Como confinado, se construyó una rutina muy estricta. Se levantaba temprano y, después de un prolongado aseo, despachaba con el secretario Las Cases, autor de lo que iba a ser un ‘best-seller’, el ‘Mémorial de Sainte-Hélène’ (1823). Cenaba pronto, leía a los clásicos y jugaba a las cartas. Aprovechó también para aprender inglés. Pero la inmovilidad, excesiva para un temperamento bilioso, y la depresión menoscabaron pronto su salud. Ni una sola carta recibió de su segunda esposa, María Luisa de Austria, aunque cuentan las crónicas que se entretuvo bastante en los juegos de cama con Albine, la esposa del general Montholon.

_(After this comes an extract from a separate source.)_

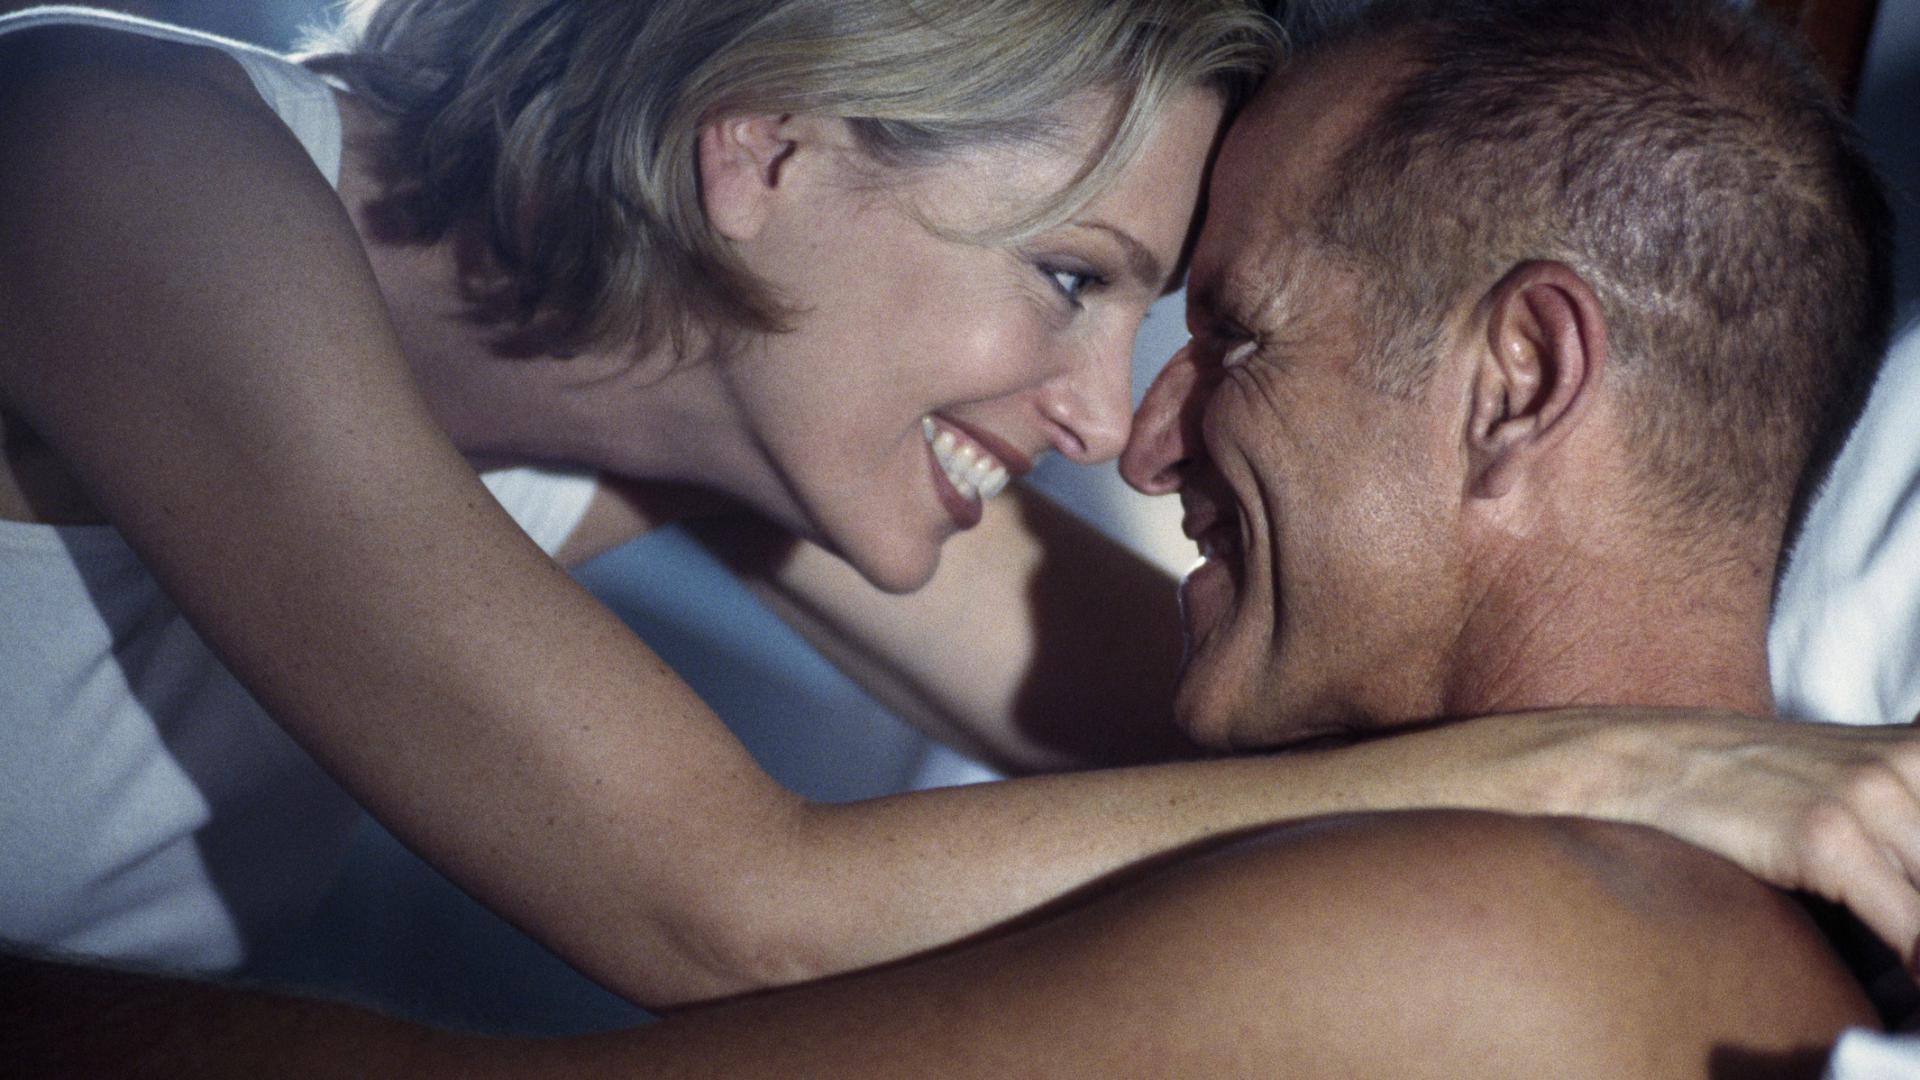 Колко често правим секс според възрастта

La llegada de un nuevo 'carcelero'

Lejos del confinamiento en un piso de barriada, el corso podía desplazarse a su antojo por la isla, siempre acompañado de un general británico. No era la libertad lo que le faltaba, sino el poder; ¿cómo iba a complacerle a él, vencedor en Austerlitz, un pedrusco de 17 kilómetros de ancho por 10 de largo? Su tesitura empeoró bastante cuando llegó a la isla un nuevo ‘carcelero’, el severo ‘sir’ Hudson Lowe, quien fue aviando a los protestones, desde el secretario Las Cases hasta su médico, el irlandés Barry O’Meara, el primero en anotar en un cuaderno sus dolores de barriga.

Napoleón falleció de cáncer de estómago el 5 de mayo de 1821, a eso de las seis de la tarde. Aún necesitó 19 años para cumplir su deseo de ser trasladado a Francia, donde reposa en Los Inválidos, en un panteón de cuarcita roja. Pobre, diablo corso, no le fue bien con las islas. Nunca ganó una batalla marítima. ¡Pérfida Albión!